Just think: You’re a fairly healthy 37-year-old woman who spends her weekends climbing rocky mountains. Logically, an insurer is thinking that your climbing rope could one day snap, leaving you injured or dead. And if your ropes do one day fail you, you’ll want to be able to file a claim to cover any medical expenses for your injuries. Or, you’ll want your family to have the money they need to pay for your funeral, burial and any outstanding bills.
You and your loved ones won’t be able to do any of these important things, if you lied about your hobby in the first place. Don’t think it’s that serious? Check out these comments on Summit Post by climbers who’ve had to claw their way over the rocky terrain of gaining a policy. Their risky hobby alone waved red flags at insurers, no lies needed. Although some did report finding higher-cost policies.
Legally speaking, an insurance company has two years to catch a lie before the window to take action is slammed shut.

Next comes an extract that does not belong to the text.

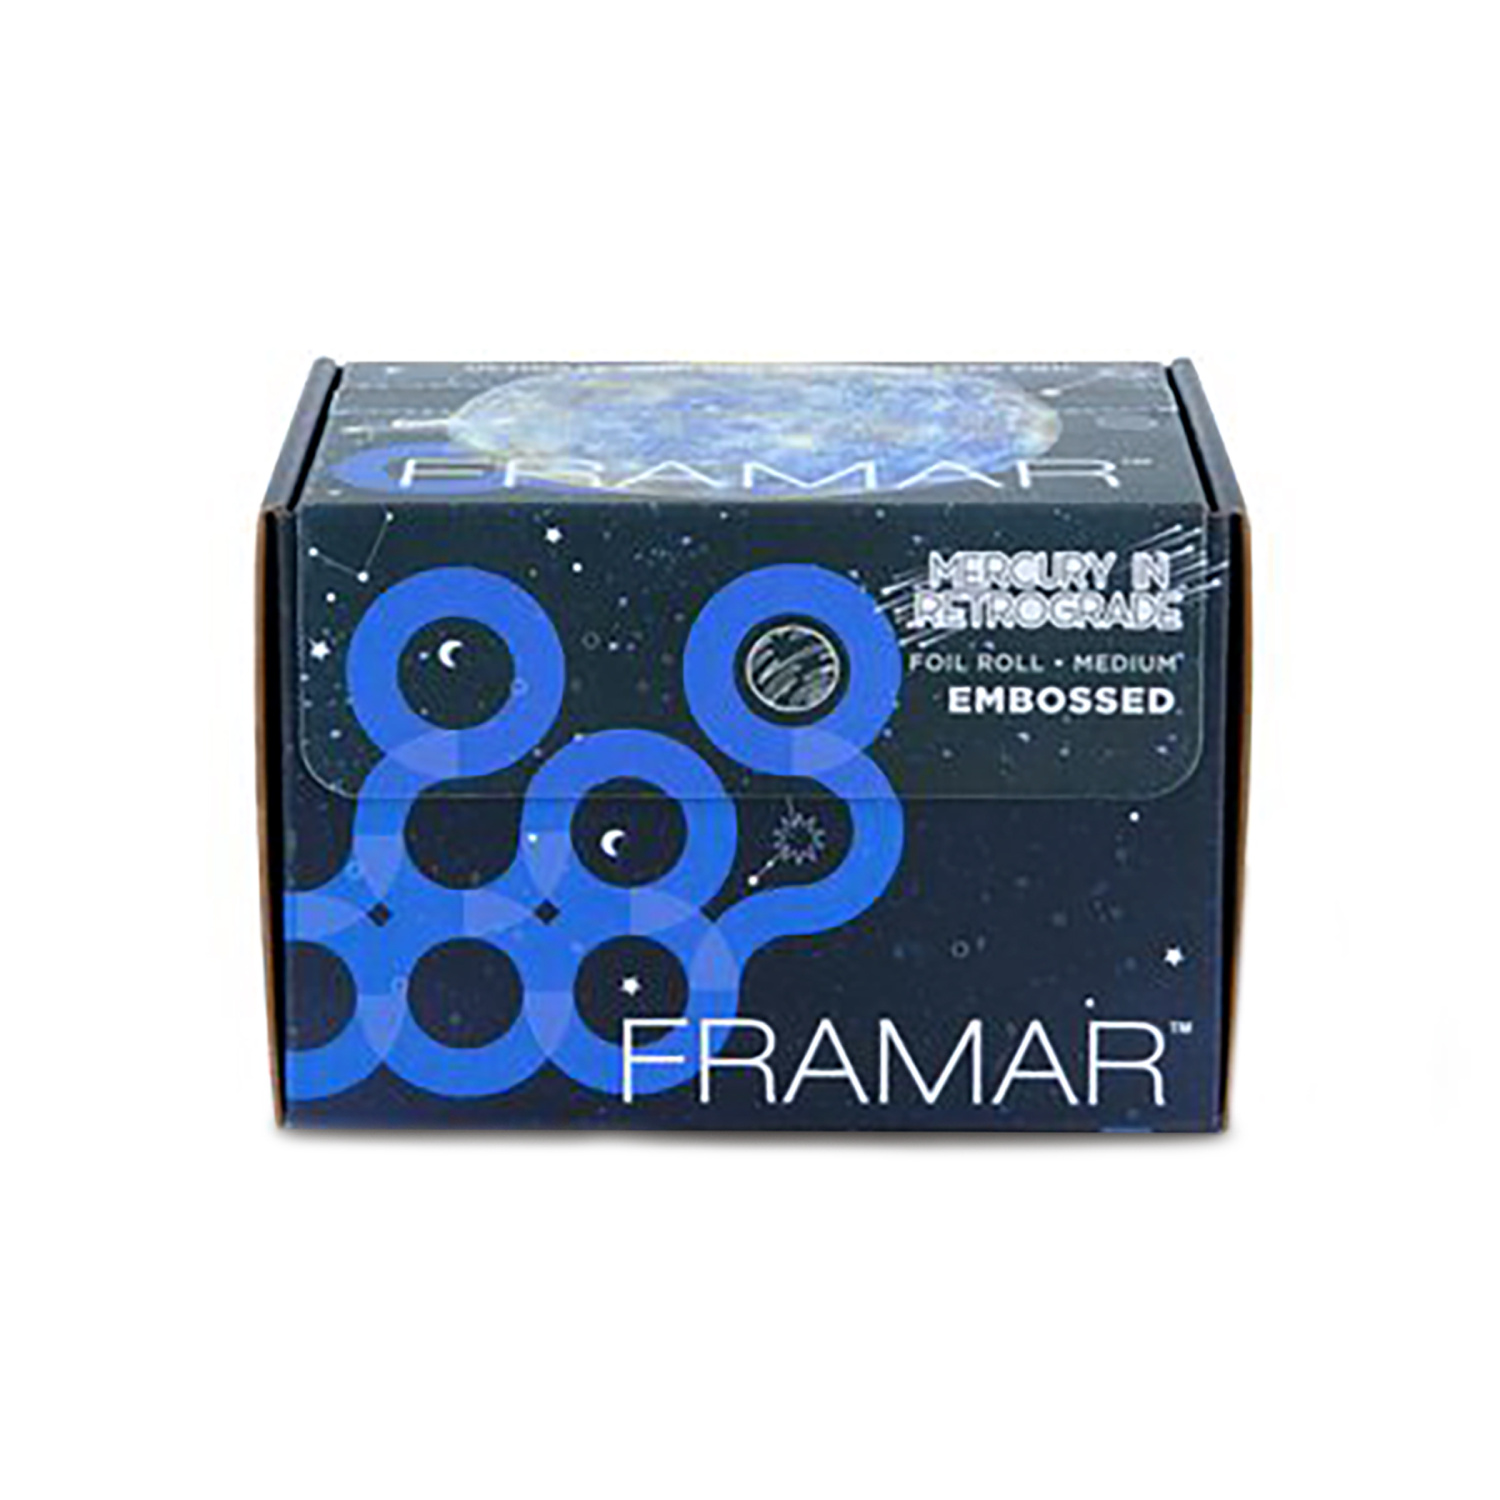 Framar Embossed Roll Mercury in Retrograde - интернет-магазин профессиональной косметики Spadream, изображение 47600

Our best advice: Channel your inner George Washington and do not tell a lie when you apply. You will only be hurting yourself and your loved ones if you do. Simply angling for the cheapest premium misses the point of why you want the insurance in the first place. If your lifestyle involves extreme rock climbing or flying vintage puddle jumpers, or if a number of people over 60 in your family have had cancer, then a lower premium won’t cover all of your risks if something should happen to you.
Digging for truth
By now, you should know that an insurance company behaves very much like an excited team of archeologists. Whatever you’ve buried deep in the earth, they are more than happy to dig up using their compass, trowel and backhoe.
Any lies they uncover are carefully stored in their MIB database for all other archeologists (insurance companies) to see. If they don’t find any lies, they are of course legally obligated to pay your claim.
When interviewed, one Asurea agent stated, “We do what we do for the clients, but we also have to consider the company’s best interests.”
Keep in mind, even after you die, the insurer can reduce or cancel your death benefit if your autopsy report reveals a hidden illness or injury. And your beneficiaries, most likely the loved ones you were trying to protect, might not see a dime. The moral of this story is: Don’t lie.
The Asurea promise
If you’re daunted by the thought of shopping around for a policy that will take you as you are, health issues, high risk jobs, and more – don’t be. With ties to more than 40 insurance carriers across the nation, our Asurea Agents will do the work for you!
If you’re a hardworking pilot with a cancer risk, a fitness instructor in top shape, or an adrenaline-seeking mountaineer, we promise to help you find a policy that fits your unique lifestyle and budget. So, before you shop for an insurance policy, adopt an honesty policy.